Canadian-American evangelist, faith-healer, missionary, and celebrity, the founder of the International Church of the Foursquare Gospel in Los Angeles. Arriving in Los Angeles in 1918, her theatrical religious spectacles made her a top attraction within five years and she was dubbed the “Barnum of Religion.” The media followed McPherson avidly as she made great copy, from her religious services to her flamboyant personal life.
Aimee Kennedy was the daughter of a Methodist middle-aged farmer and a Salvation Army evangelist 34-years younger than her husband. She grew up in rural Canada and shocked her parents when she announced her theatrical intentions. Her mother was more encouraging of her daughter’s religious vocation from the time that she was a baby. When Aimee found her Pentecostal niche, Mother and daughter worked side by side until they developed a feud in which Aimee broke her mom’s nose.
At 17, she met Irish Pentecostalist, Robert Semple on the revival circuit. The couple married the following year and left to China to set up their missionary post. Her husband died of dysentery in Hong Kong and in 1909 McPherson returned to the U.S. with her infant daughter, Roberta. She married a grocery clerk, Harold McPherson and the couple had a son, Rolf, after which the family joined the revival tent circuit. Her husband disliked the revival tent life and tried to order McPherson to give up her religious calling, whereupon she left him in 1916. With her mother, secretary and children she began her travels by car on revival tours. They pitched tents when the weather was good and slept in the car during storms. She healed members of her audience in small towns as they crisscrossed the nation.
In 1918, with $10 and a tambourine, McPherson settled in Los Angeles. In those days, the city was already a hotbed of religious cults; within five years she was a top attraction in tinsel town. She wore a nurse’s uniform during her faith-healing services and soon drew larger and larger crowds, with dramatic stories written about her flashy performances. McPherson’s appearance generated controversy from reporters and jealous male ministers. Her tinted blonde hair, Parisian gowns and makeup gave her a striking movie star persona. As she stood before crowds of 5,000 in a while gown with flowing sleeves, emblazoned with a crimson red cross, the lame and the halt stood in lines to come up to where she could place her hand on their heads in her healing services.

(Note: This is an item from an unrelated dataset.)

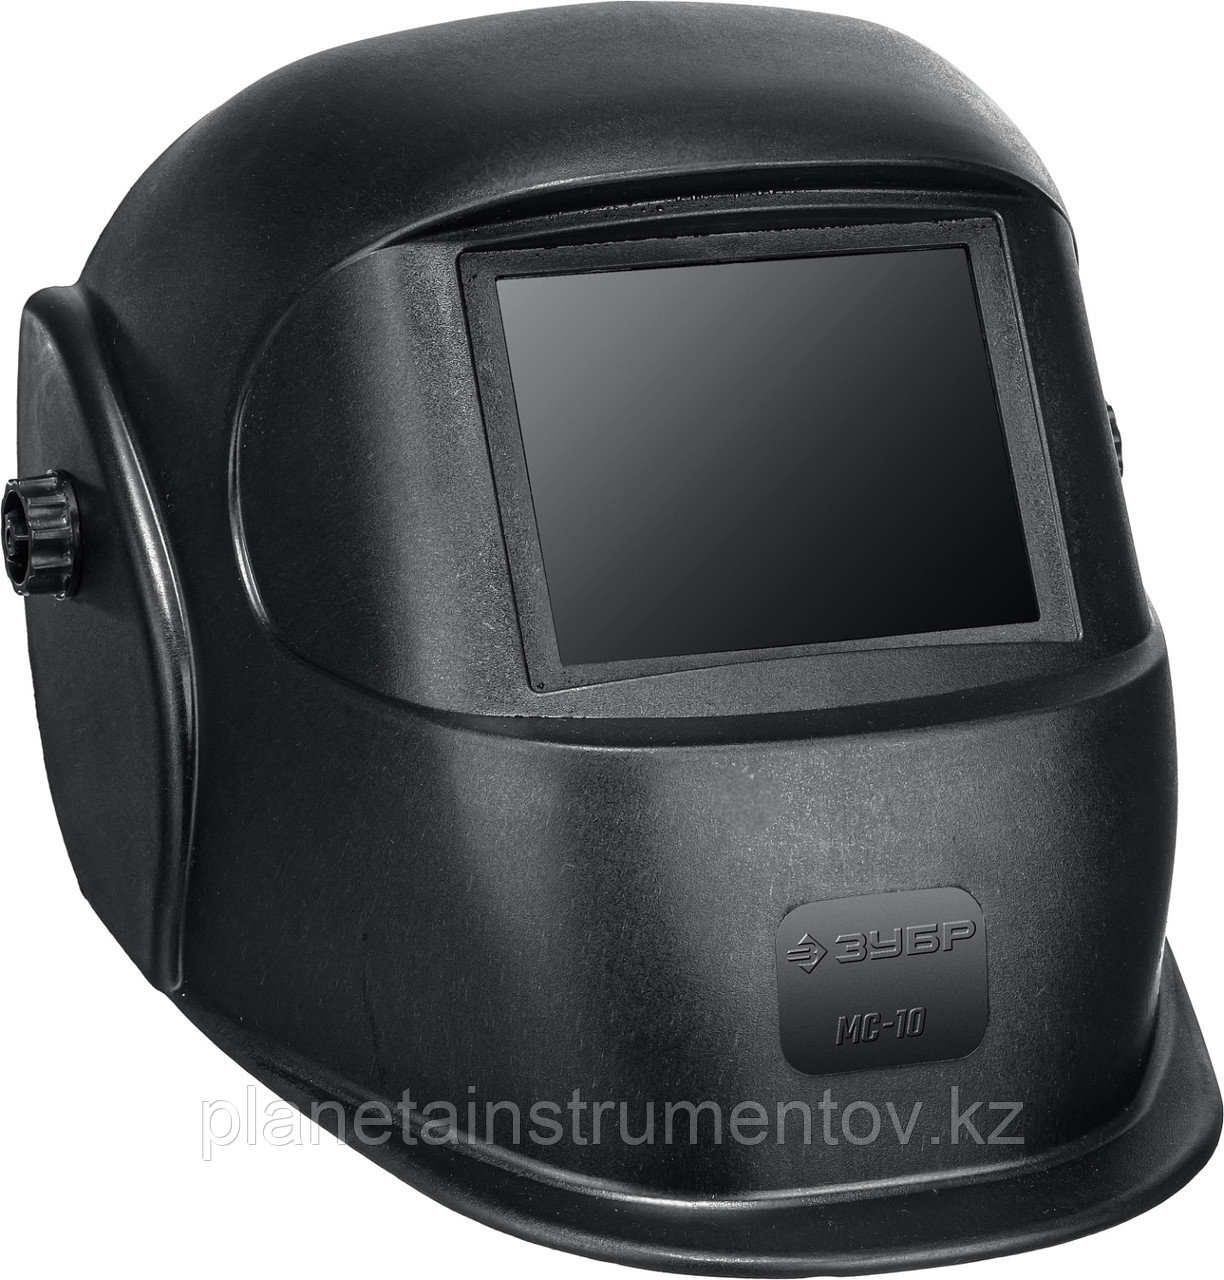 ЗУБР МС-10 со стеклянным светофильтром, затемнение 10, маска сварщика (11080)
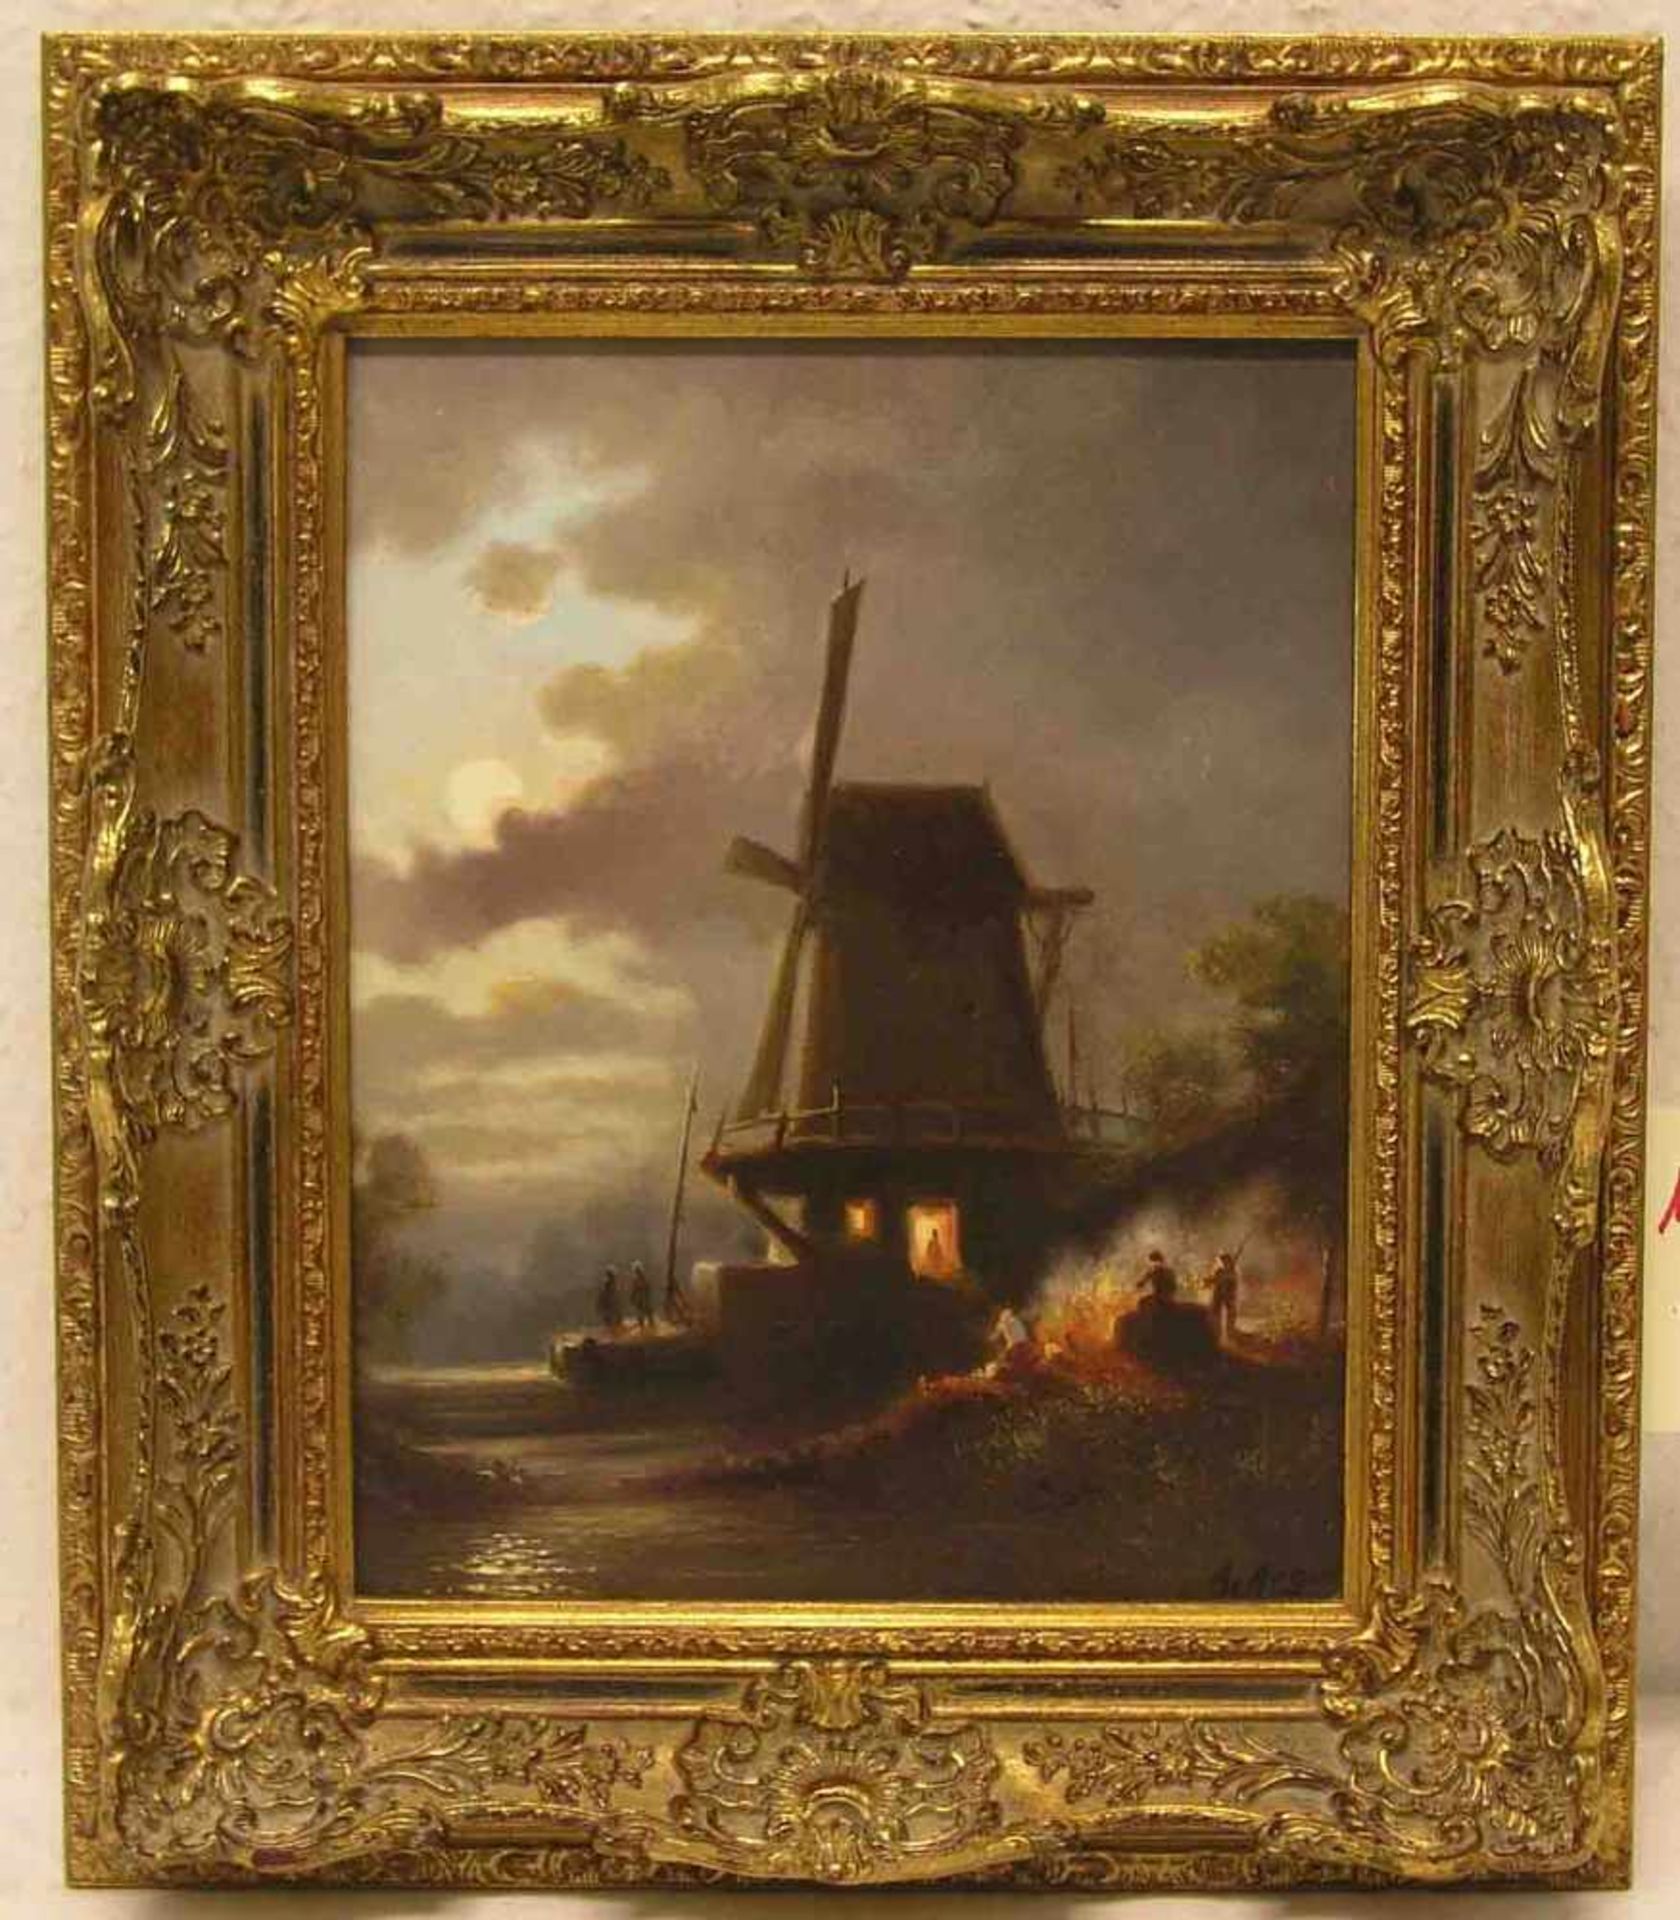 Argun, Atilla, türkischer Maler: "Windmühle bei Nacht". Öl/Lwd., signiert. 28 x 22cm,Rahmen.

Among her escapades, on 5/18/1926, McPherson disappeared while swimming in the ocean in Southern California. Five weeks later, she turned up near the Mexico-Arizona border. She claimed to have been abducted by three outlaws and held in a desert shack in Mexico. Police investigators were unable to shed any light on the incident and her clean clothes and fresh appearance cast doubts on her story. The writer H.L. Mencken and others defended McPherson as the Los Angeles District Attorney’s office tried to investigate the colorful evangelist. Her critics believed she spent the period in a love nest in Carmel, CA. After the incident blew over, McPherson hit the road again on a religious revival tour to save her reputation. Her popularity also gave the chance to do some real service. During the great depression, the Angelus Temple Commissary fed many of the poor in Los Angeles, sometimes better than the welfare agency in the city. As an evangelist and outstanding showman she offered salvation, healing and baptism, playing to huge audiences in the $1.5 million Angelus Temple. Throughout her lifetime she set up 400 churches, 200 missions, a Bible college and a radio station.
McPherson’s marriage to Harold McPherson ended in divorce with his charge of desertion in 1921. She remarried for the third time in 1931 to a 250-lb baritone singer she met during one of her biblical stage productions. Her third husband, David Hutton, Jr., was slapped with a breach-of-promise suit by another woman two days after his marriage to McPherson. Greatly distressed, she left on a European tour, leaving her husband behind. He divorced the evangelist while she lingered in Europe. Despite her success and her large congregations, McPherson had financial troubles throughout her religious career.
On 9/27/1944, McPherson died in a hotel room in Oakland, CA from an accidental overdose of barbiturates.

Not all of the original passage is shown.